First we import all Python libraries/modules we need.

In [2]:
import os

from sklearn.feature_extraction.text import CountVectorizer # prepares tokens for use in topic model
from sklearn.decomposition import LatentDirichletAllocation

from sklearn.feature_extraction.text import TfidfVectorizer # prepares tokens for use in topic model
from sklearn.decomposition import NMF 


Next, we will open the folder 'BBC' that contains a collection of news texts and get a list of all the files (i.e. texts) that are stored in that folder. 

In [3]:
file_names=sorted([os.path.join("BBC", fn) for fn in os.listdir("BBC") if fn.endswith(".txt")])
print(len(file_names)) # count files in corpus
print(file_names[:10]) # print names of 1st ten files in corpus

260
['BBC\\001.txt', 'BBC\\002.txt', 'BBC\\003.txt', 'BBC\\004.txt', 'BBC\\005.txt', 'BBC\\006.txt', 'BBC\\007.txt', 'BBC\\008.txt', 'BBC\\009.txt', 'BBC\\010.txt']

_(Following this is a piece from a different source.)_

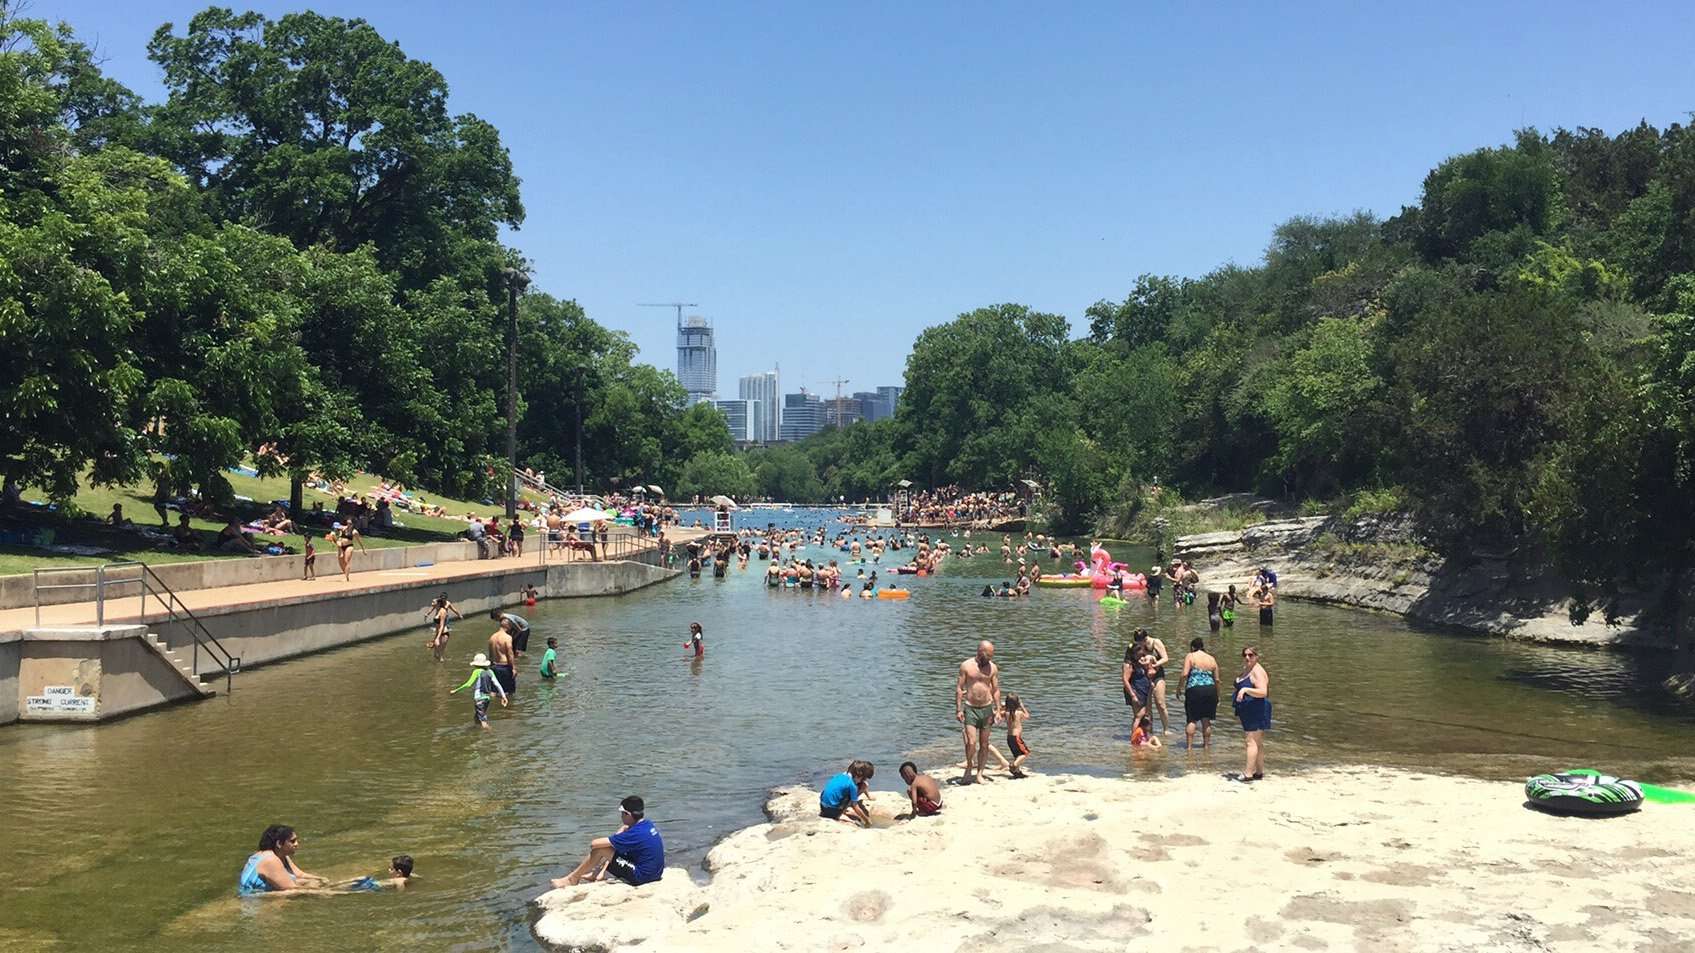 Barton Springs Pool will be open and ready for use soon

### Latent Dirichlet Allocation

In this section we will see how to do topic modelling using LDA, also implemented in the scikit Python library. To prepare texts for the LDA topic modelling, we use a <i>CountVectorizer</i> vectorizer (LDA works with raw frequencies). With the help of <i>CountVectorizer</i> we will tokenize the text, put all characters lower case, remove stop words and count the frequency of each token (word).  <i>CountVectorizer</i> will turn a collection of text documents into numerical feature vectors, where a corpus of documents is represented by a matrix with one row per document and one column per token (e.g. word) occurring in the corpus. Documents are described by word occurrences while completely ignoring the relative position information of the words in the document.

https://scikit-learn.org/stable/modules/feature_extraction.html#text-feature-extraction

In [5]:
# LDA can only use raw term counts. It is a probabilistic graphical model.
lda_vectorizer = CountVectorizer(input='filename', analyzer='word', max_df=0.95, min_df=2, stop_words='english')
lda_features = lda_vectorizer.fit_transform(file_names)
lda_feature_names = lda_vectorizer.get_feature_names()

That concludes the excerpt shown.